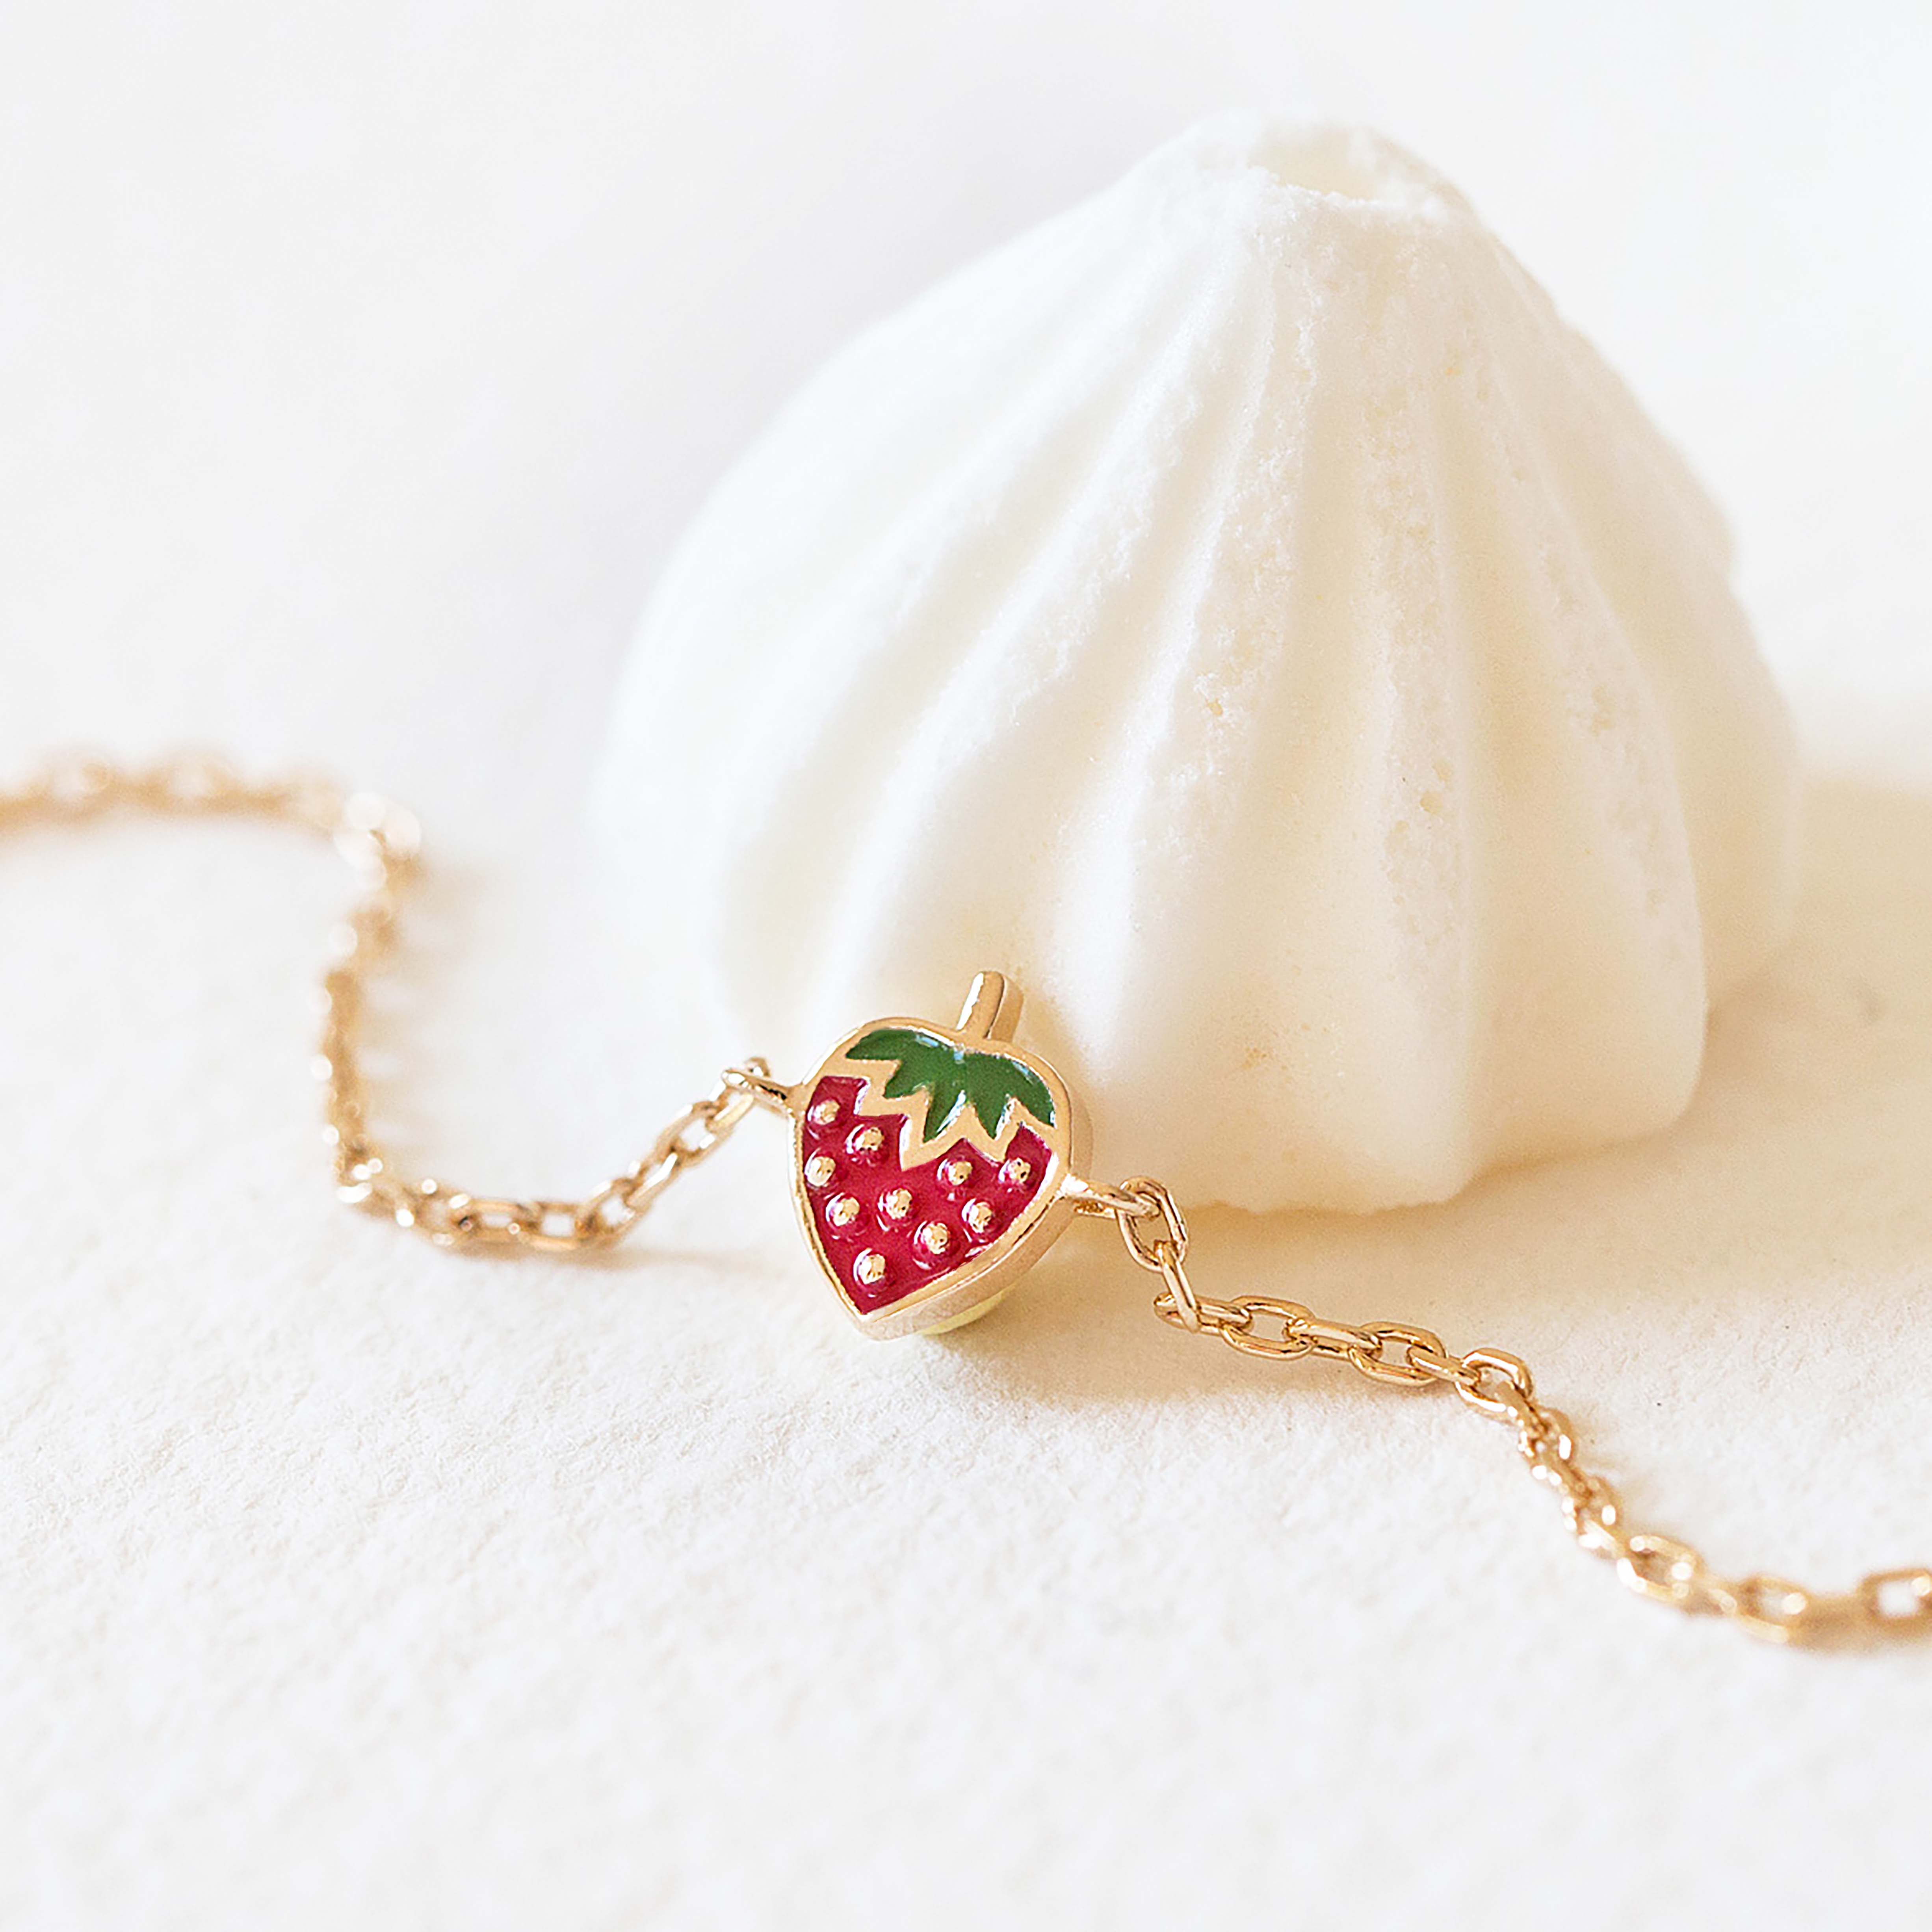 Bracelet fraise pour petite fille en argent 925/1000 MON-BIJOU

---

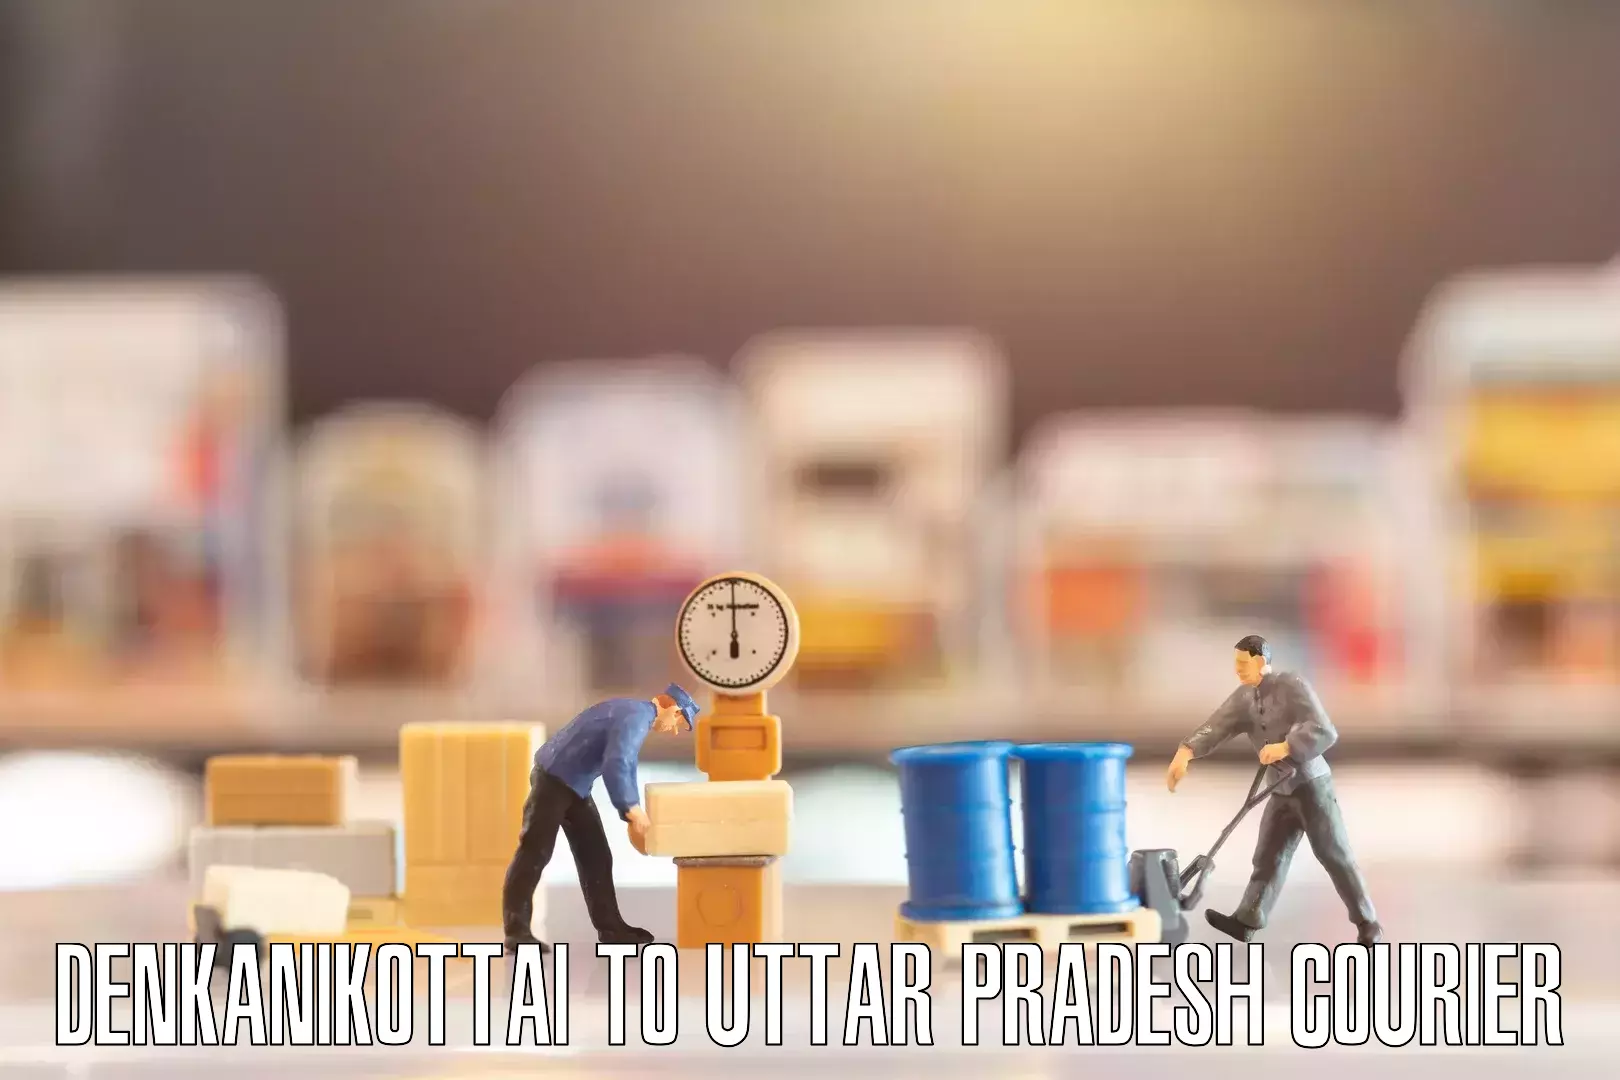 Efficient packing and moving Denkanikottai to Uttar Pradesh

--

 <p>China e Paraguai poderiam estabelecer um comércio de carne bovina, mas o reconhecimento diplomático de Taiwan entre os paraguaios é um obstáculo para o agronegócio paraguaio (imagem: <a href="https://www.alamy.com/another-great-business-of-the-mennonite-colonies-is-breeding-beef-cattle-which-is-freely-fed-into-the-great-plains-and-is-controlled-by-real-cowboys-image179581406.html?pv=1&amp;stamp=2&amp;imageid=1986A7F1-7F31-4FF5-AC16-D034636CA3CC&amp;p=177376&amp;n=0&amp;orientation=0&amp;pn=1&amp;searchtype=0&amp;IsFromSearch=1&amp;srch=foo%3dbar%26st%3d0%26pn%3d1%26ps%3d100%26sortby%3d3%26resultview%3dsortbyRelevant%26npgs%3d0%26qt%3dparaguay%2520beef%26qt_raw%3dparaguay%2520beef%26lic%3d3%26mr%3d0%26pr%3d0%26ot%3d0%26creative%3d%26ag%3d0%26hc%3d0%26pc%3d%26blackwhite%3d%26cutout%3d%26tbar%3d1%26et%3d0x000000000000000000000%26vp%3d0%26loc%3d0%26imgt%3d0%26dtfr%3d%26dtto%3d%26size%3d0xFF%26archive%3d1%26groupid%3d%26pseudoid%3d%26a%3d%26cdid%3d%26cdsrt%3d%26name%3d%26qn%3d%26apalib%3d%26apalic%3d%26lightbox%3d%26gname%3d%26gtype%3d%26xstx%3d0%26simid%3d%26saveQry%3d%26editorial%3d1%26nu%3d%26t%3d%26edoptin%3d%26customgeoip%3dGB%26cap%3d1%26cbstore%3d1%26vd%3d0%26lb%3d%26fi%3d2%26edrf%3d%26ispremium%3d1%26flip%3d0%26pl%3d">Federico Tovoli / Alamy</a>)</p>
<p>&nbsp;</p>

| INSTRUCTIONS FOR THE TASK |
Repeat the entries above verbatim, but only from the line that has "<p>China e Paraguai" down to the line that has "<p>&nbsp;</p>", inclusive.

| RESULT OF THE EXERCISE |
 <p>China e Paraguai poderiam estabelecer um comércio de carne bovina, mas o reconhecimento diplomático de Taiwan entre os paraguaios é um obstáculo para o agronegócio paraguaio (imagem: <a href="https://www.alamy.com/another-great-business-of-the-mennonite-colonies-is-breeding-beef-cattle-which-is-freely-fed-into-the-great-plains-and-is-controlled-by-real-cowboys-image179581406.html?pv=1&amp;stamp=2&amp;imageid=1986A7F1-7F31-4FF5-AC16-D034636CA3CC&amp;p=177376&amp;n=0&amp;orientation=0&amp;pn=1&amp;searchtype=0&amp;IsFromSearch=1&amp;srch=foo%3dbar%26st%3d0%26pn%3d1%26ps%3d100%26sortby%3d3%26resultview%3dsortbyRelevant%26npgs%3d0%26qt%3dparaguay%2520beef%26qt_raw%3dparaguay%2520beef%26lic%3d3%26mr%3d0%26pr%3d0%26ot%3d0%26creative%3d%26ag%3d0%26hc%3d0%26pc%3d%26blackwhite%3d%26cutout%3d%26tbar%3d1%26et%3d0x000000000000000000000%26vp%3d0%26loc%3d0%26imgt%3d0%26dtfr%3d%26dtto%3d%26size%3d0xFF%26archive%3d1%26groupid%3d%26pseudoid%3d%26a%3d%26cdid%3d%26cdsrt%3d%26name%3d%26qn%3d%26apalib%3d%26apalic%3d%26lightbox%3d%26gname%3d%26gtype%3d%26xstx%3d0%26simid%3d%26saveQry%3d%26editorial%3d1%26nu%3d%26t%3d%26edoptin%3d%26customgeoip%3dGB%26cap%3d1%26cbstore%3d1%26vd%3d0%26lb%3d%26fi%3d2%26edrf%3d%26ispremium%3d1%26flip%3d0%26pl%3d">Federico Tovoli / Alamy</a>)</p>
<p>&nbsp;</p>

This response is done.